# What is required
Where the data below shows a picture, leave that picture out and copy the rest exactly.

# Information supplied
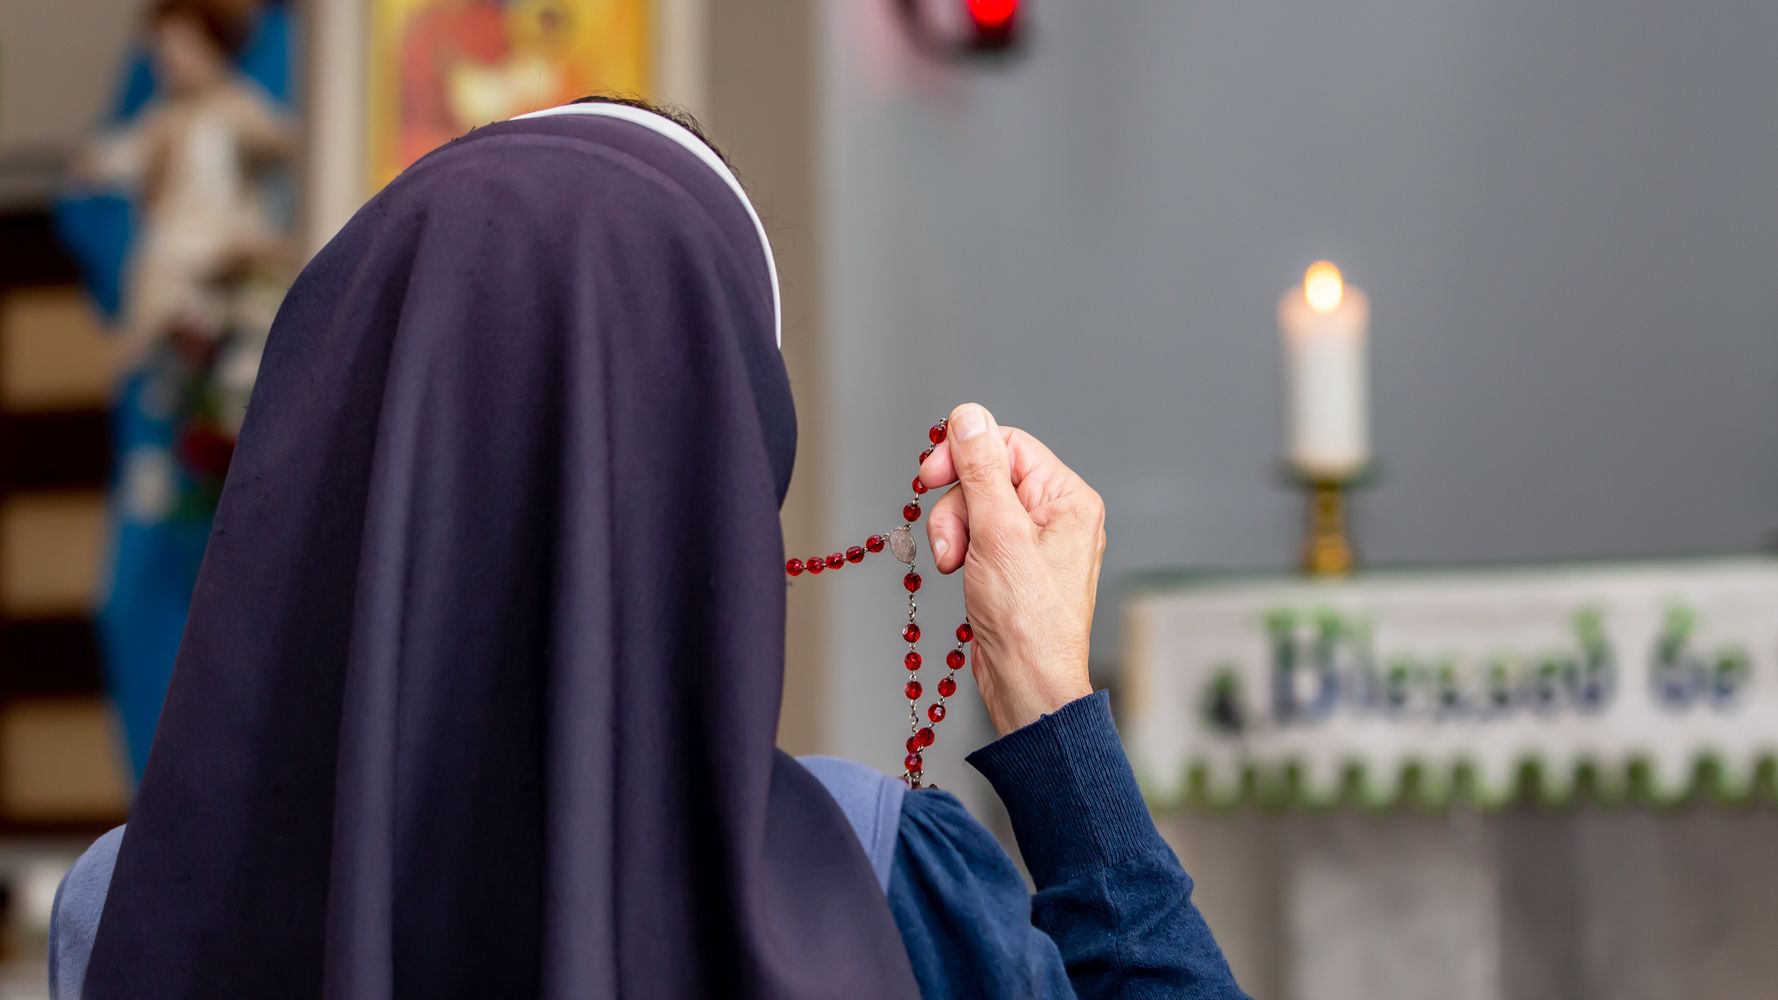 French Officials Defend Nun Who Was Told Her Religious Attire Violated
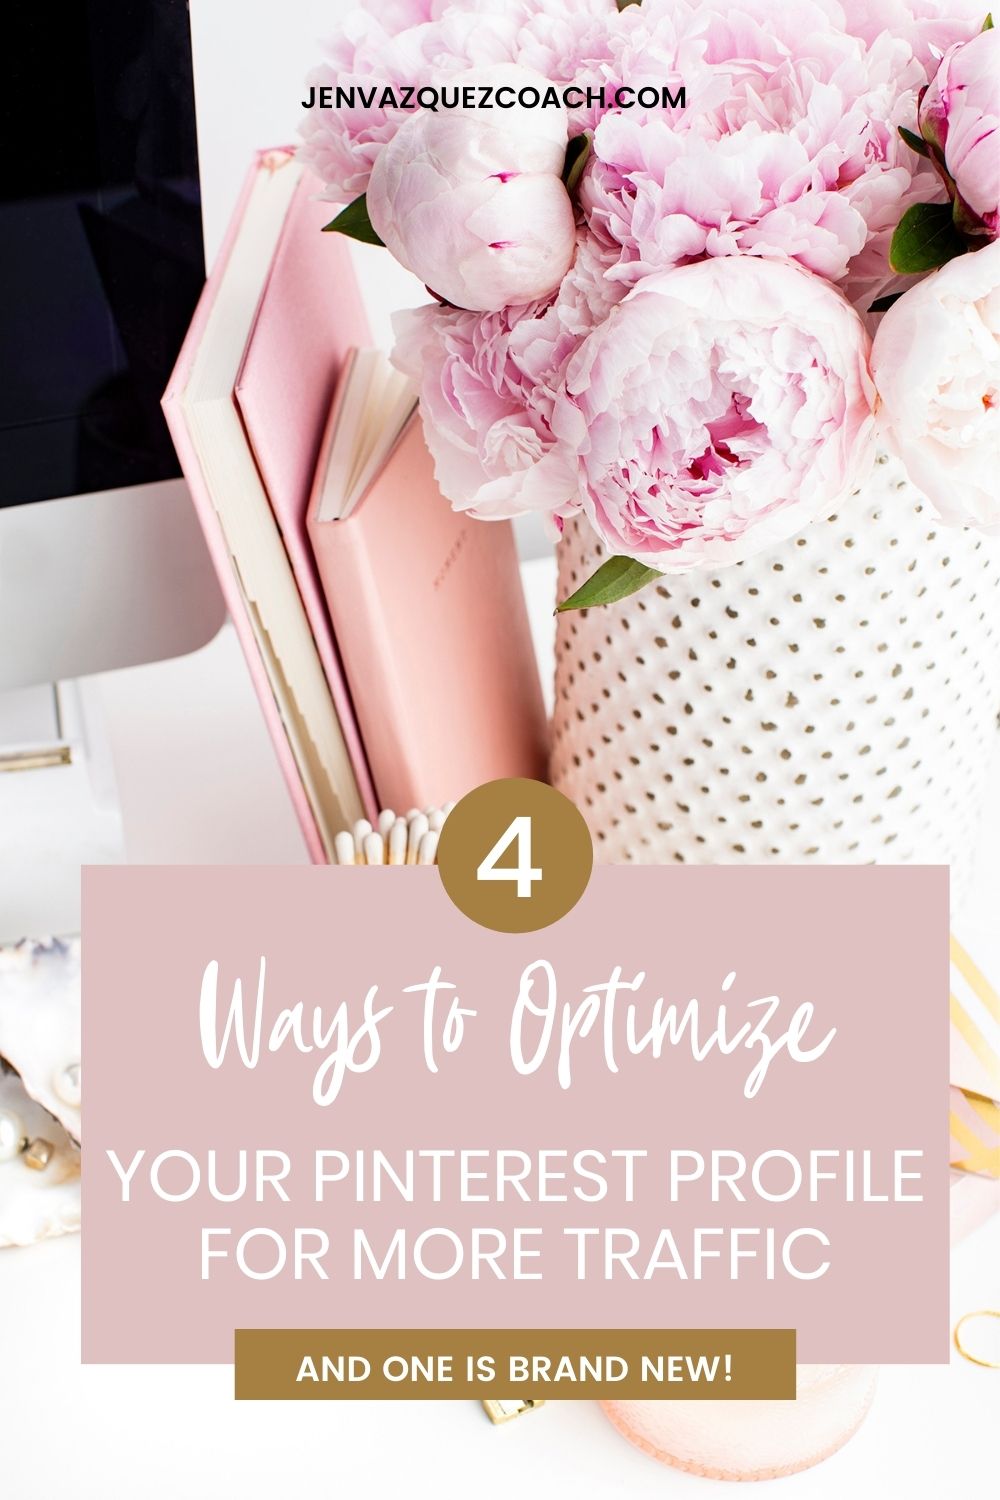 4 Ways to Optimize Your Pinterest Profile for More Traffic (and one is NEW!)
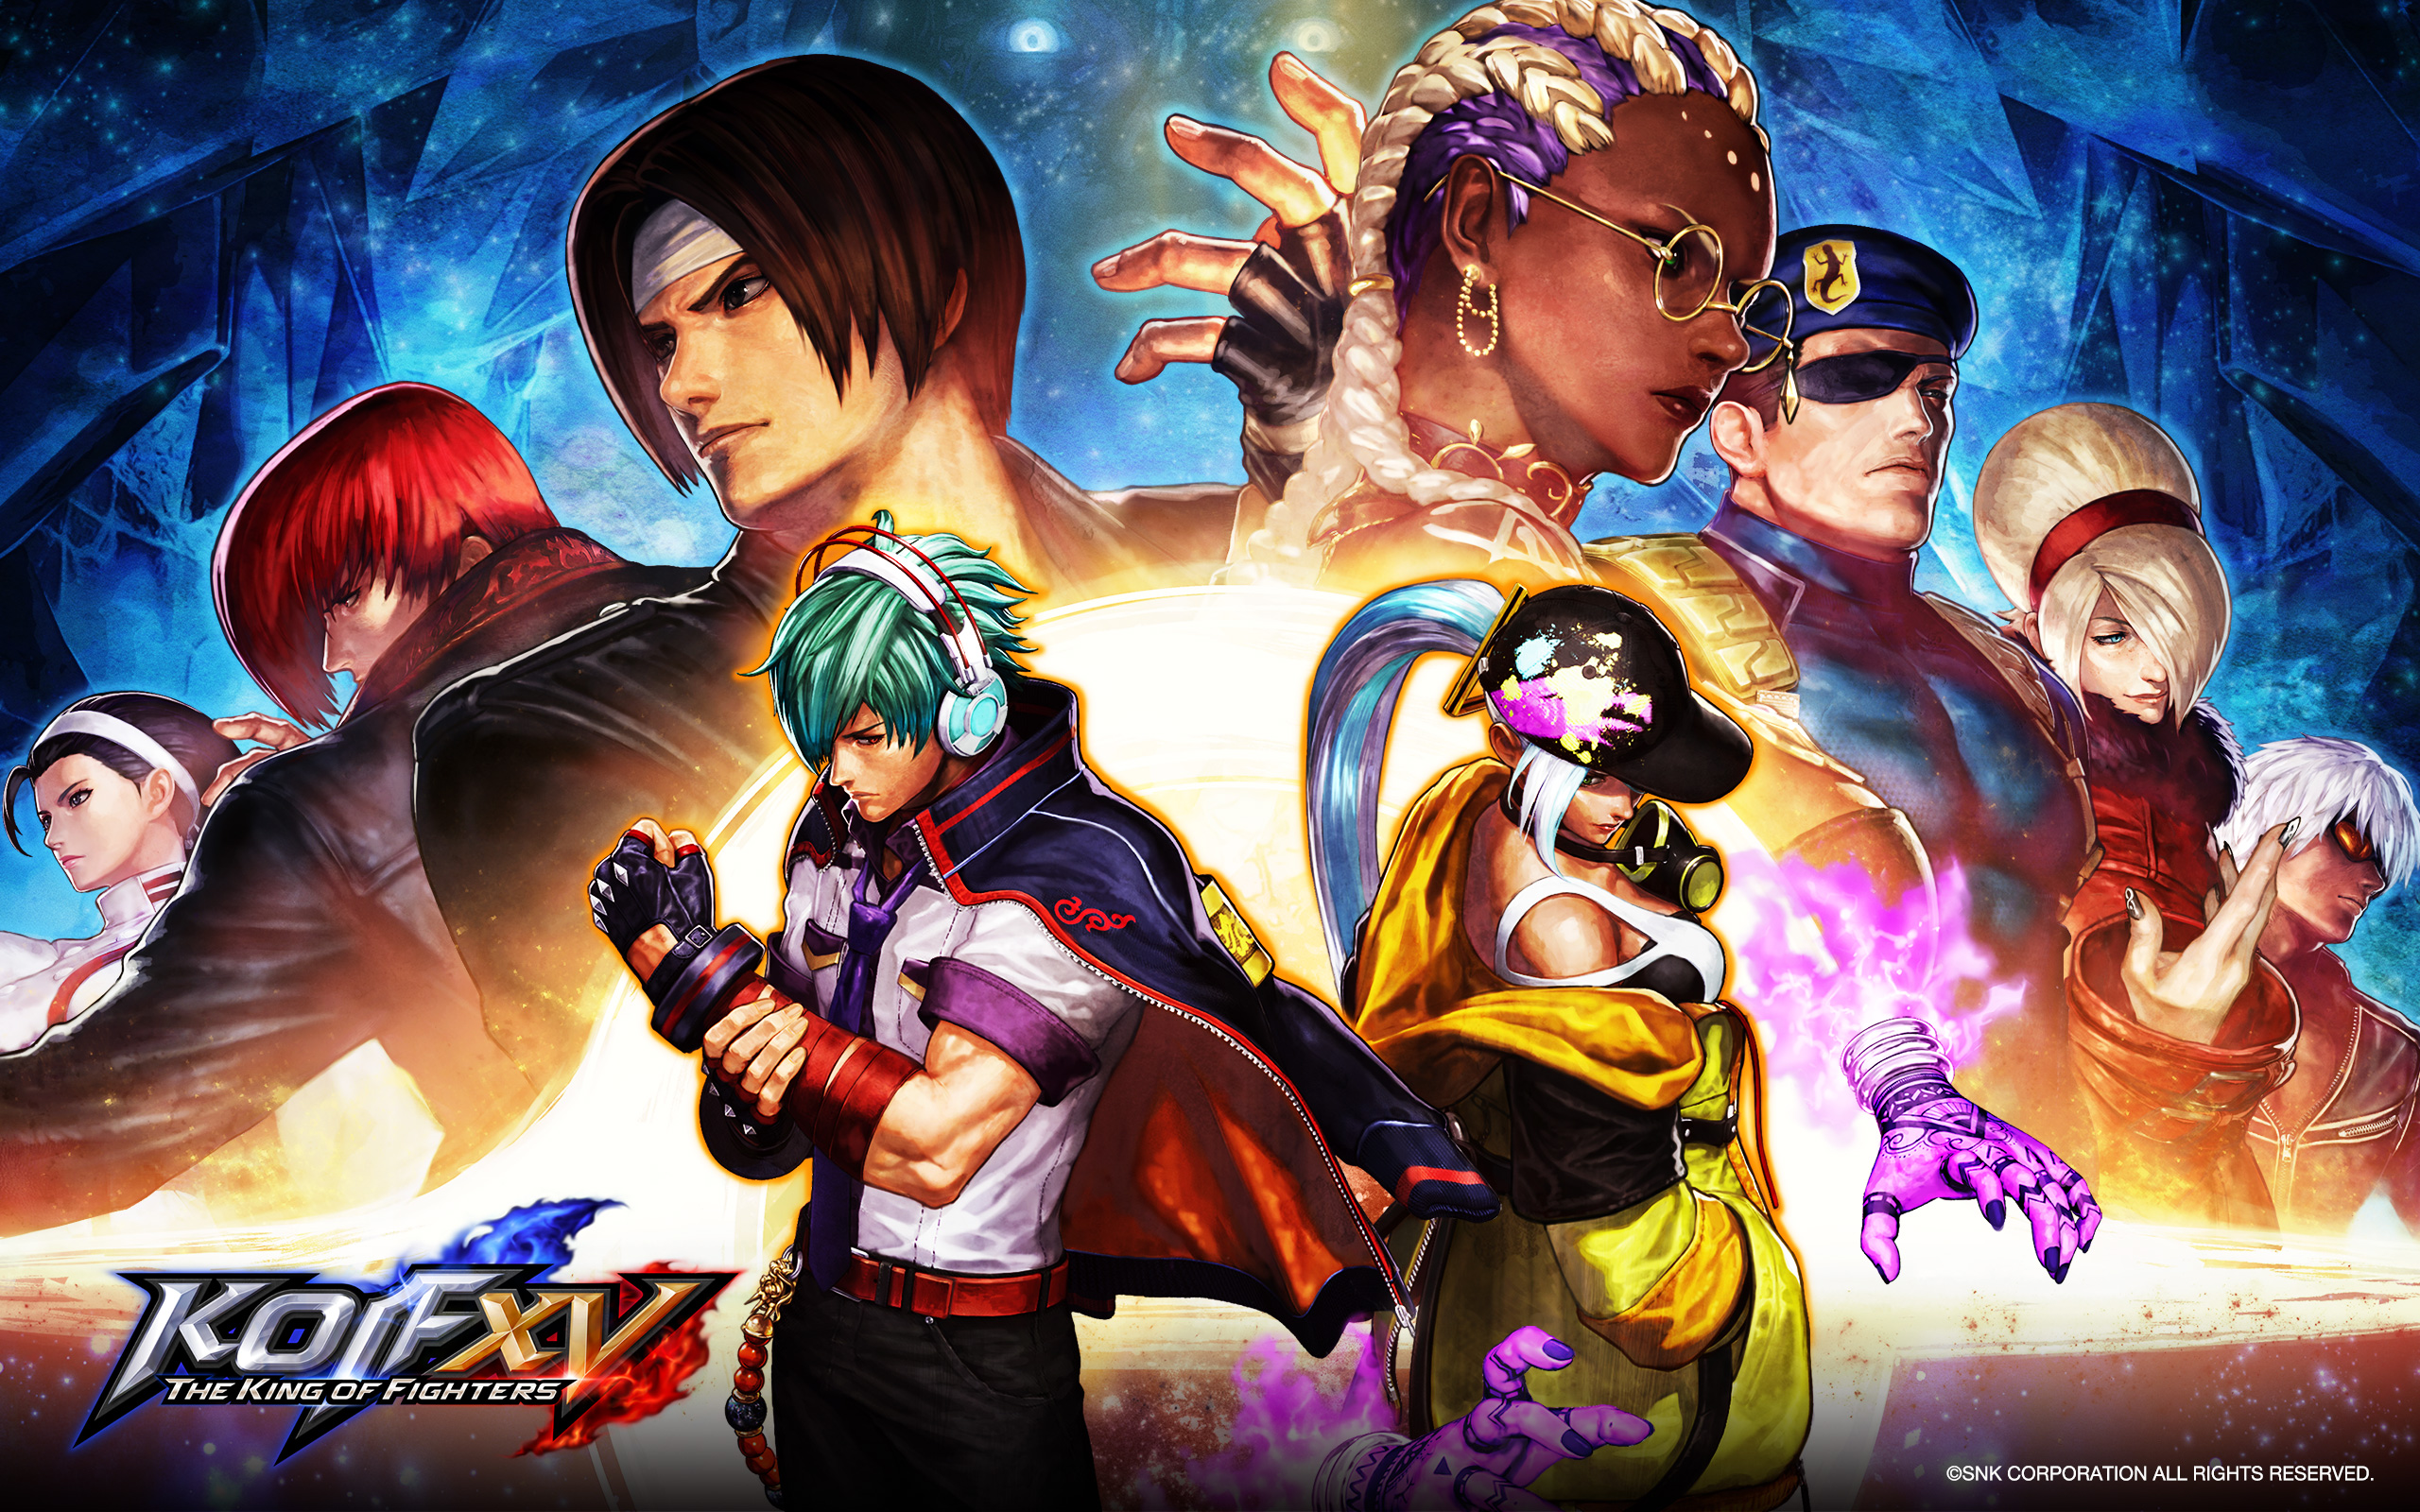 SPECIAL. THE KING OF FIGHTERS XV

# Task output
 French Officials Defend Nun Who Was Told Her Religious Attire Violated
 4 Ways to Optimize Your Pinterest Profile for More Traffic (and one is NEW!)
 SPECIAL. THE KING OF FIGHTERS XV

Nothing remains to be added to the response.